WHAT IS REQUIRED:
When you reach the line with "A person wearing" in the listing below, write out that line and every one after it exactly, and skip the pictures.

BEGIN SUPPLIED DATA

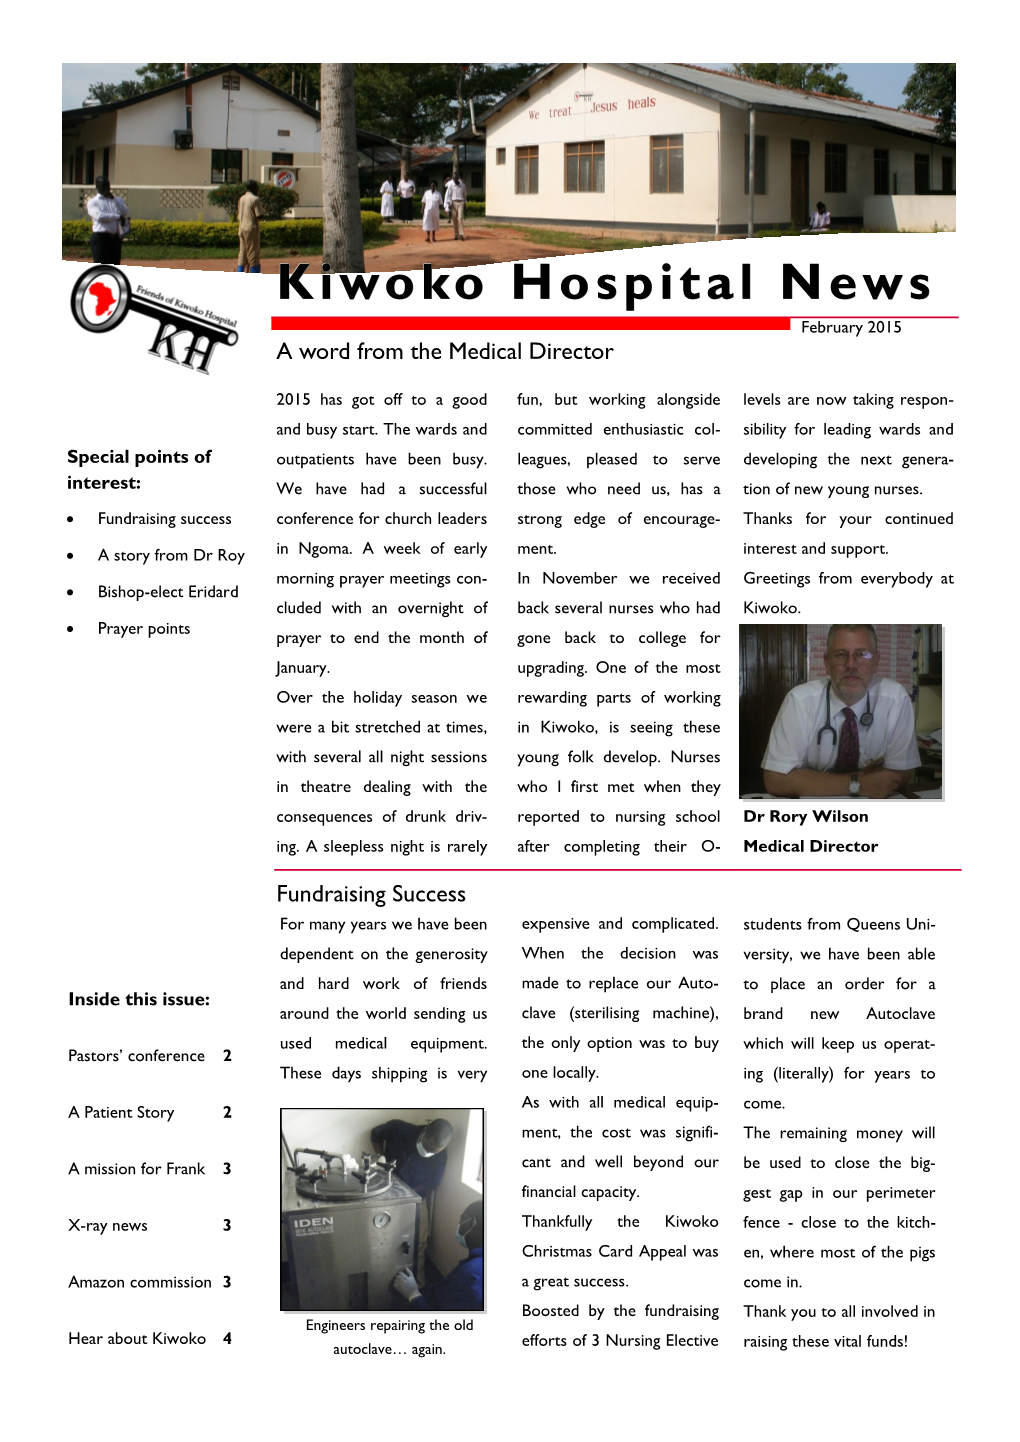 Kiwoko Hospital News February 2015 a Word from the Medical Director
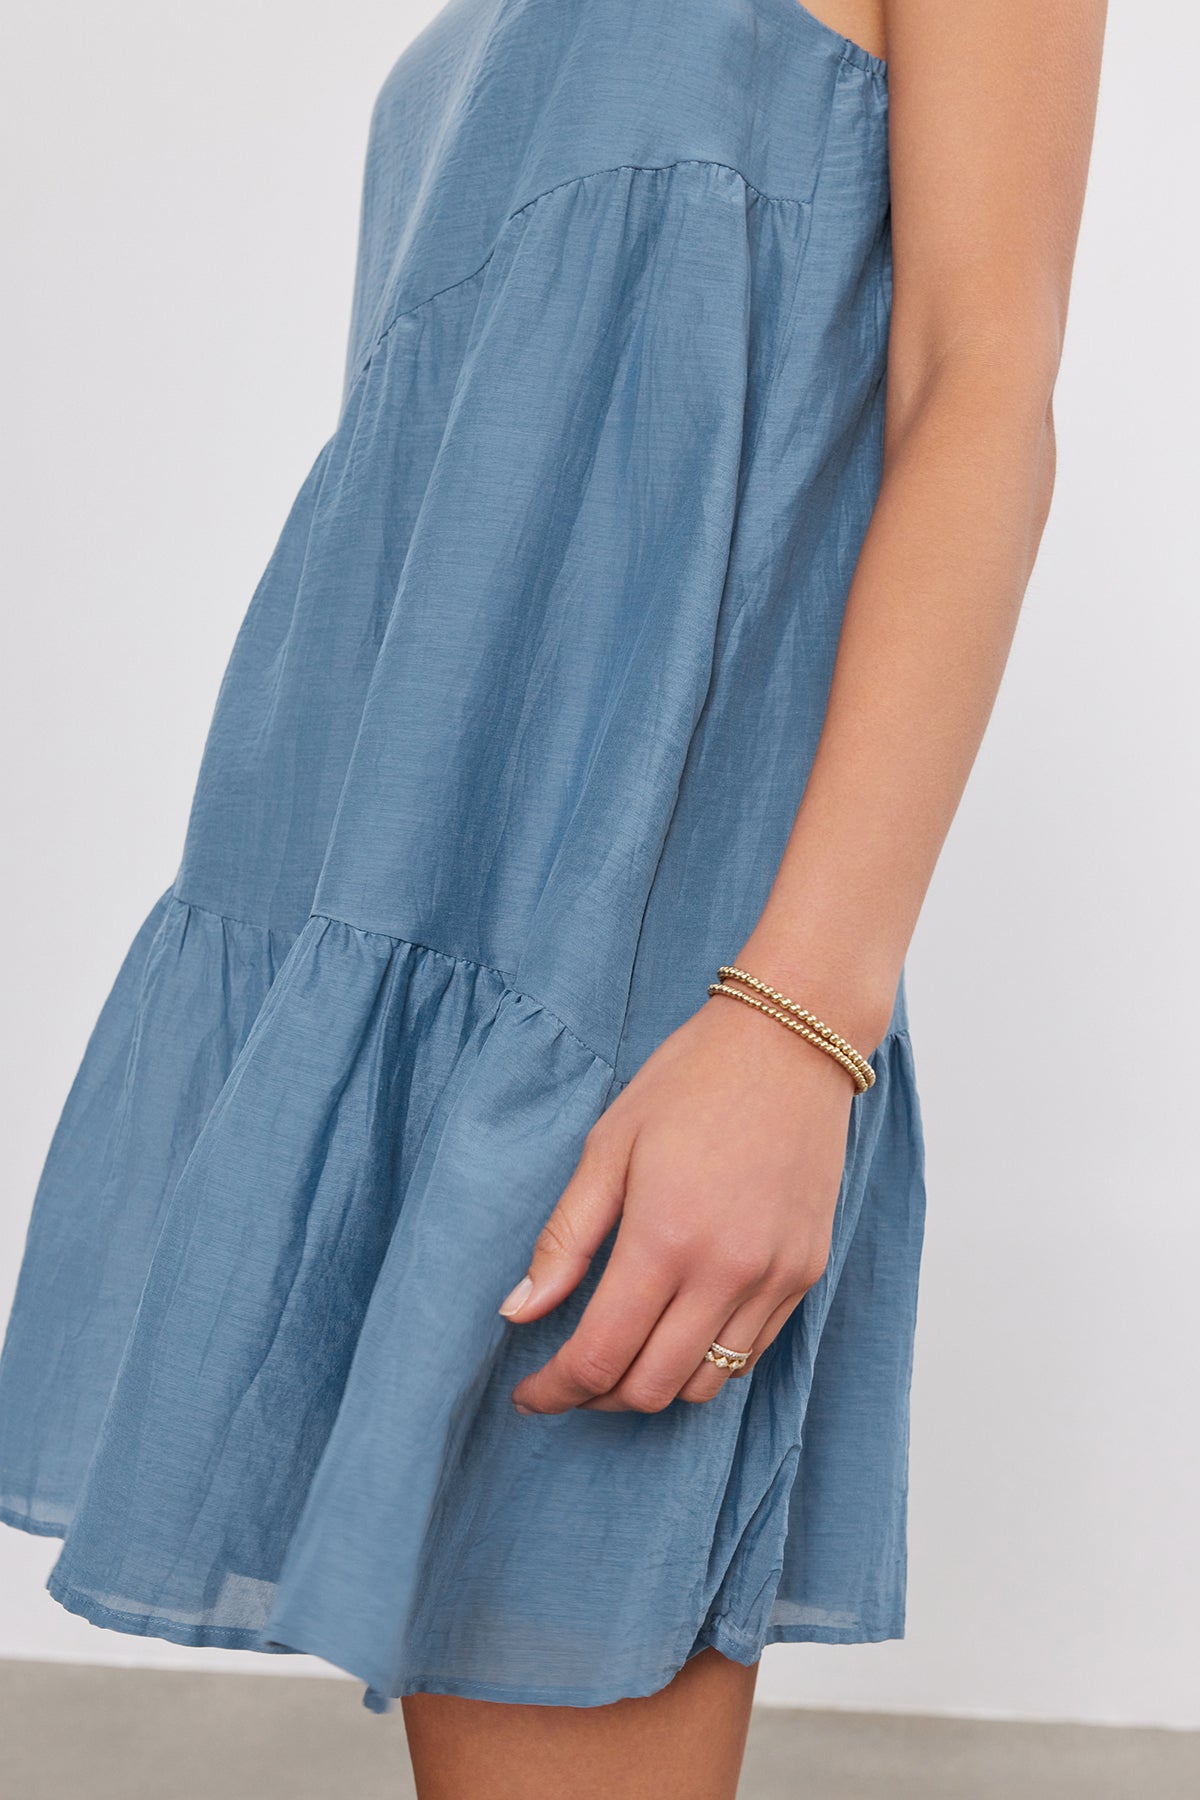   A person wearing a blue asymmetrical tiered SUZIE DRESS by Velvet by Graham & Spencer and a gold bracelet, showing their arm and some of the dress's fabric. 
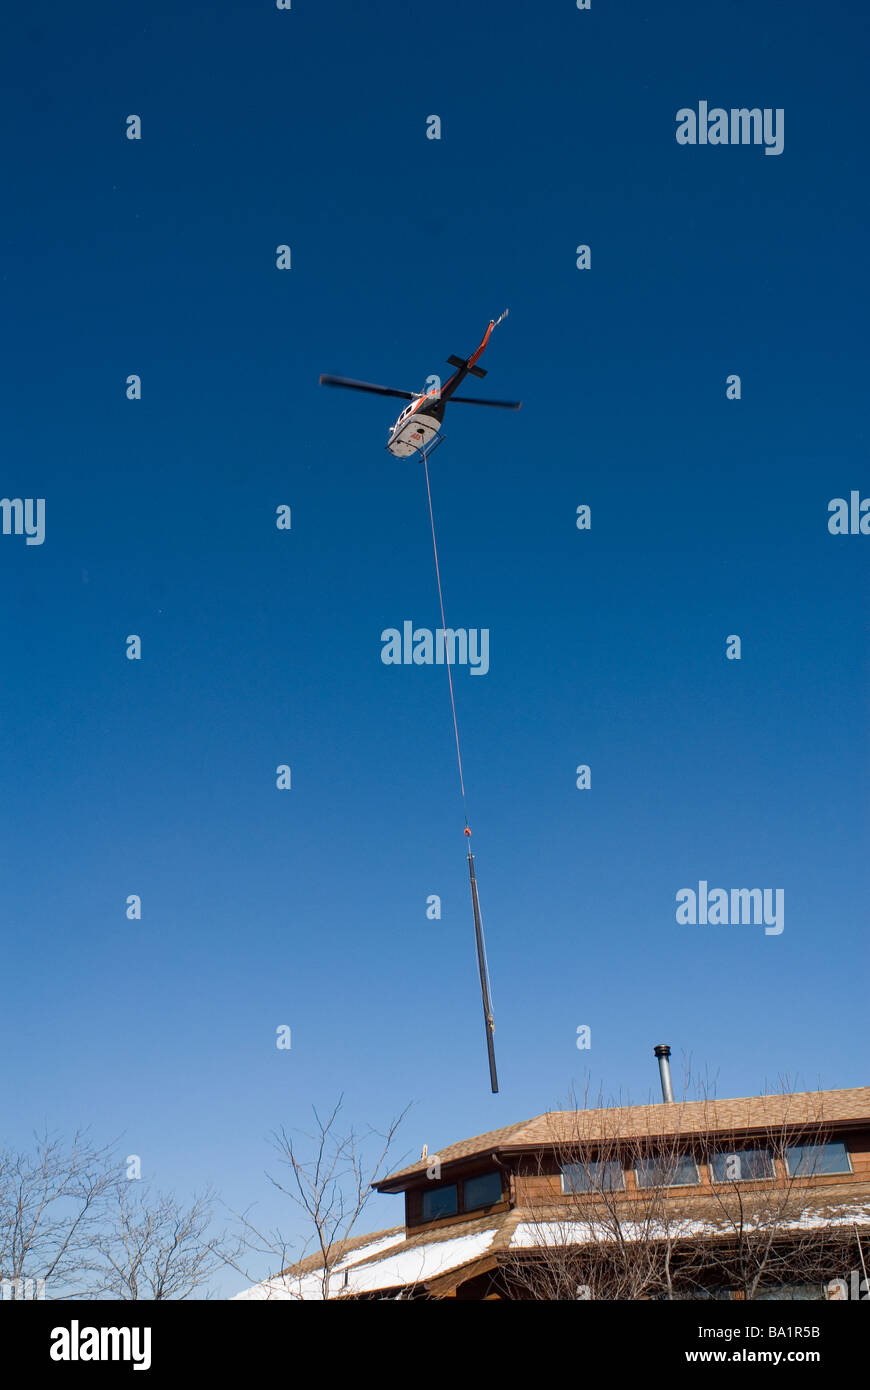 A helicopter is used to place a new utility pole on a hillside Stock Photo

END SUPPLIED DATA

RESULT:
   A person wearing a blue asymmetrical tiered SUZIE DRESS by Velvet by Graham & Spencer and a gold bracelet, showing their arm and some of the dress's fabric. 
 A helicopter is used to place a new utility pole on a hillside Stock Photo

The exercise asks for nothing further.